Branch Manager, United India Insurance Co. Ltd. v. Srinivasa,
In the absence of nexus between the employment and the death due to heart attack, no compensation will be payable
Thati Ranga Roa v Varalakshmi
Facts
The employee died due to heart failure. His legal heir claiming the compensation.
Issue
Whether the legal heirs are entitled to claim compensation?
Judgment
The court denied the compensation to the legal heir of the deceased.
Analysis
The court denied the compensation to the legal heir of the deceased as the claimant failed to prove that the accident has arisen out of the employment.
CONCLUSION
There is no direct statutory provision which deals about payment of compensation for employees who suffer from heart attack under the workmen compensation act or any other labour legislation in India. From the above analysis of various cases law it can be understood that heart attack is an accident. Employer is liable to pay compensation under workmen compensation act, if applicant proves that is death has occurred due to heart attack which occurred due to the stress and strain arising out of employment or the injury is aggravated due to stress and strain arising out of employment. Nexus between the act and employment should be established to claim compensation from the employer.
SUGGESTIONS
• Burden of proof lie’s on the claimant .If there is no evidence to prove that stress and strain which have aggravated to death, claimant is not entitled to compensation. Many workers are not aware of their rights. Hence there must be programme to promote the awareness of their rights.

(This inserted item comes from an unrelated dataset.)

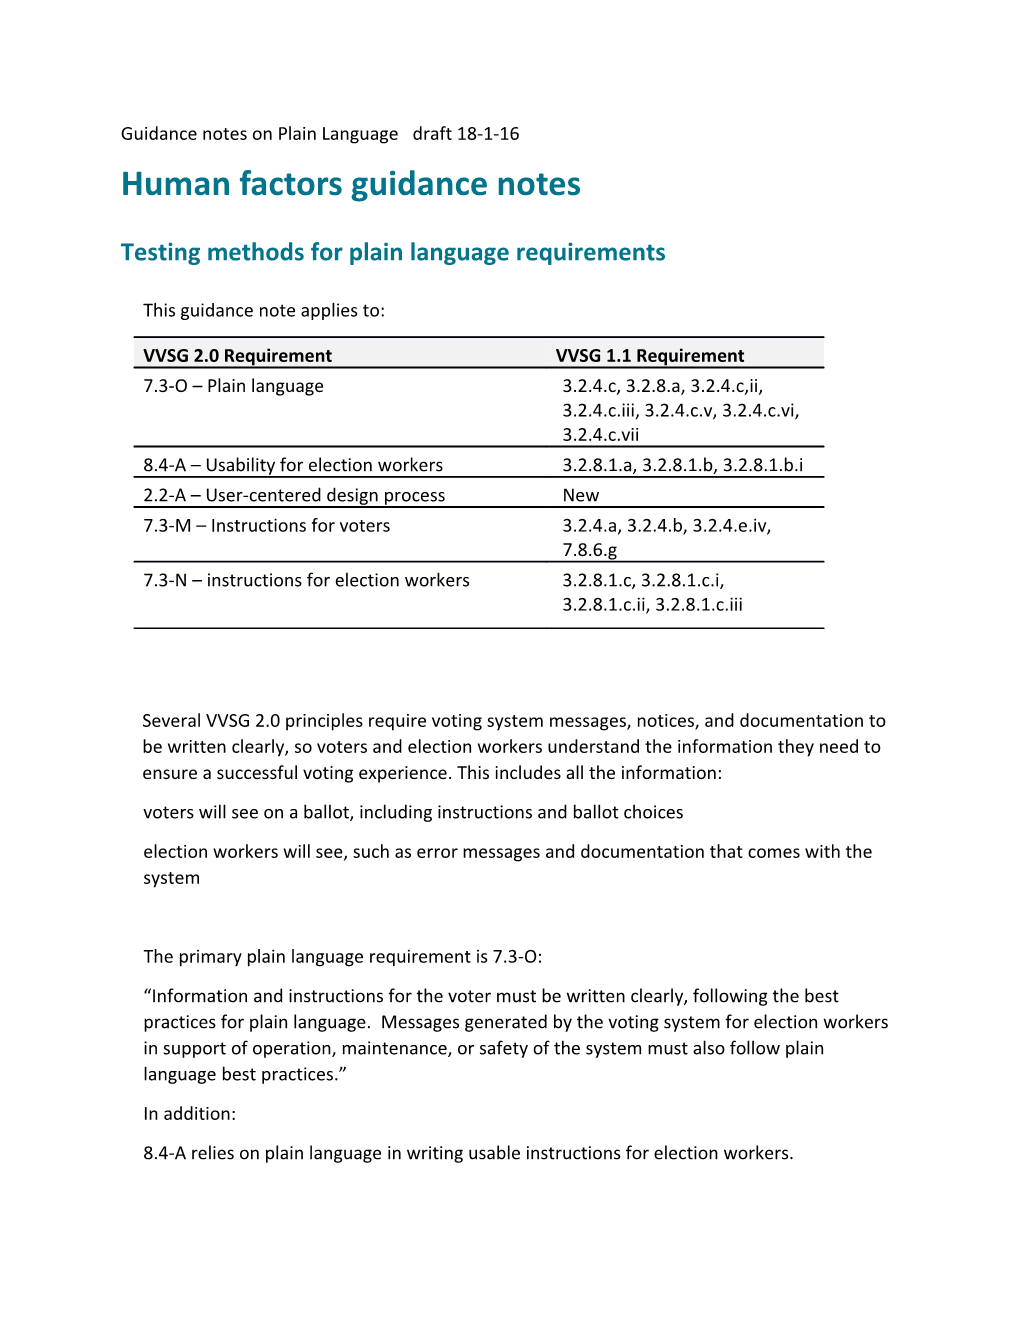 Guidance Notes on Plain Language Draft 18-1-16

• Even if they are aware of their rights they don’t have proper guidance to follow the procedure to claim compensation. Workshop should be conducted to create awareness about their right. Legal aid and other workshop must guide them technically, to follow procedures to claim compensation.
Thus employee can claim compensation for heart attack if it arises out of and in the course of employment. If awareness of this act among working class is promoted fruits of this beneficial legislation can be utilized in an efficient manner.